# Looking for a Chihuahua!



## Heidi36oh (Feb 27, 2007)

This might sound weird but I'm looking for a Chihuahua for one of my clients. She wants a miniature one. Any one know of one out there please let me know!


----------



## Jackson'sMom (Oct 13, 2007)

The San Jose animal shelter always has tons of Chihuahuas up for adoption. But that's rather far away from you. How about your local shelters, or is there a Chihuahua rescue in your area?


----------



## BeauShel (May 20, 2007)

There may be a small dog rescue in your area also that might have a pup available.


----------



## Heidi36oh (Feb 27, 2007)

Jackson'sMom said:


> The San Jose animal shelter always has tons of Chihuahuas up for adoption. But that's rather far away from you. How about your local shelters, or is there a Chihuahua rescue in your area?


 
I checked the shelter, none there. Have to check the rescues yet!


----------



## Jackson'sMom (Oct 13, 2007)

sanjoseanimals.com has 11 Chihuahuas listed, which is about average for that shelter. That breed must be really popular around here.


----------



## FlyingQuizini (Oct 24, 2006)

Please tell me the interest has nothing to do with the movie Beverly Hills Chihuahua....


----------



## Heidi36oh (Feb 27, 2007)

FlyingQuizini said:


> Please tell me the interest has nothing to do with the movie Beverly Hills Chihuahua....

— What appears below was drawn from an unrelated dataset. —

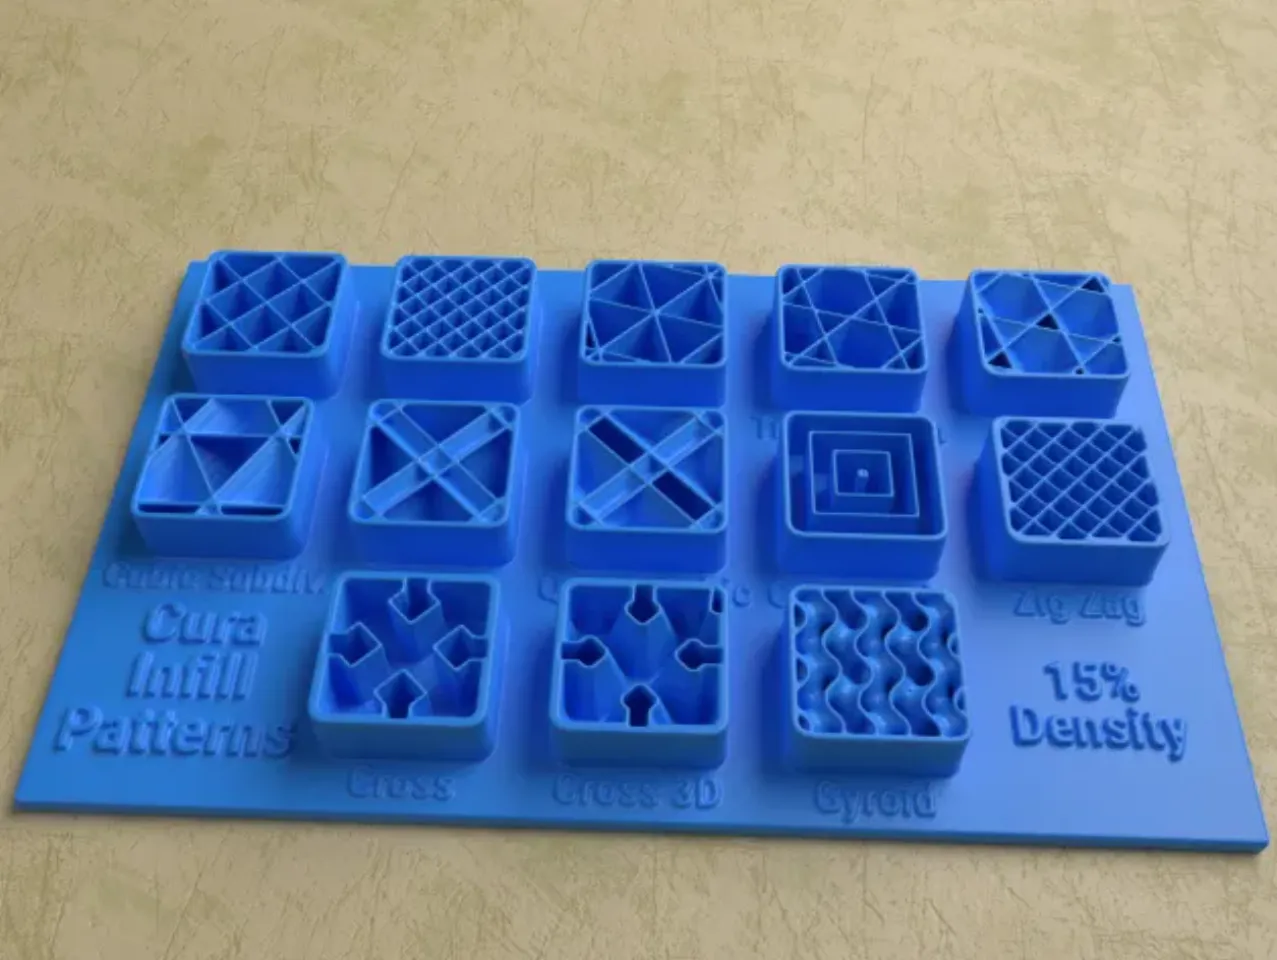 Cura Infill Patterns Display Models by Lyl3
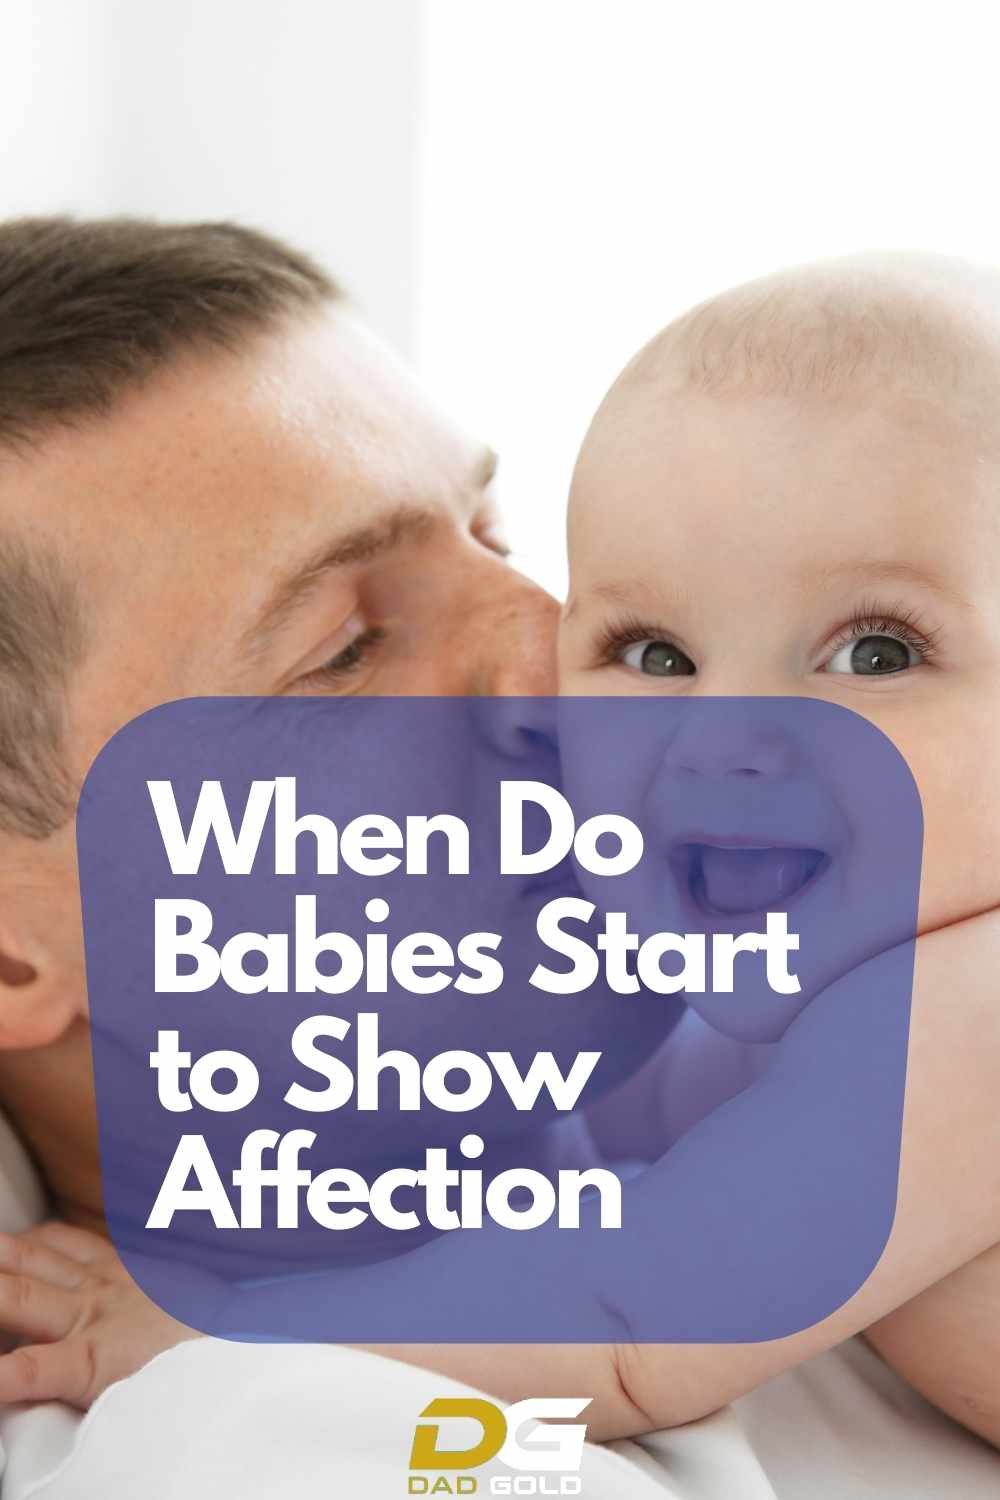 When Do Babies Start to Show Affection

LOL, no this is one of my old ladies she is 72 and always had a Chihuahua, hers died about 2 month ago and she wants to get another one.


----------



## Nicolle (Dec 25, 2007)

I guess all of the chihuahua's are here in Los Angeles. Just in "Adoptables" (not counting Lost and Found) there are 156 chihuahua's available...only a handful are mixes. That is just in the Los Angeles City shelters. That is not counting the County Shelters nor the private shelters...where there more. It is so sad.

Deborah


----------



## Heidi36oh (Feb 27, 2007)

I think we may have found one from a rescue, my lady is going in the morning with her daughter to look at the little one.


----------



## Heidi36oh (Feb 27, 2007)

Well she got a new baby, he is 4 pounds, very skinny and scared but cute as a button. He's about 5 years old and actually came from the shelter!


----------



## Jackson'sMom (Oct 13, 2007)

Sounds like a great match!


----------



## Faith's mommy (Feb 26, 2007)

no pictures?


----------



## Heidi36oh (Feb 27, 2007)

I'll take some in the morning, didn't have the camera with me, but I'm going over to let her see little Kylie, so I will take a pic.


----------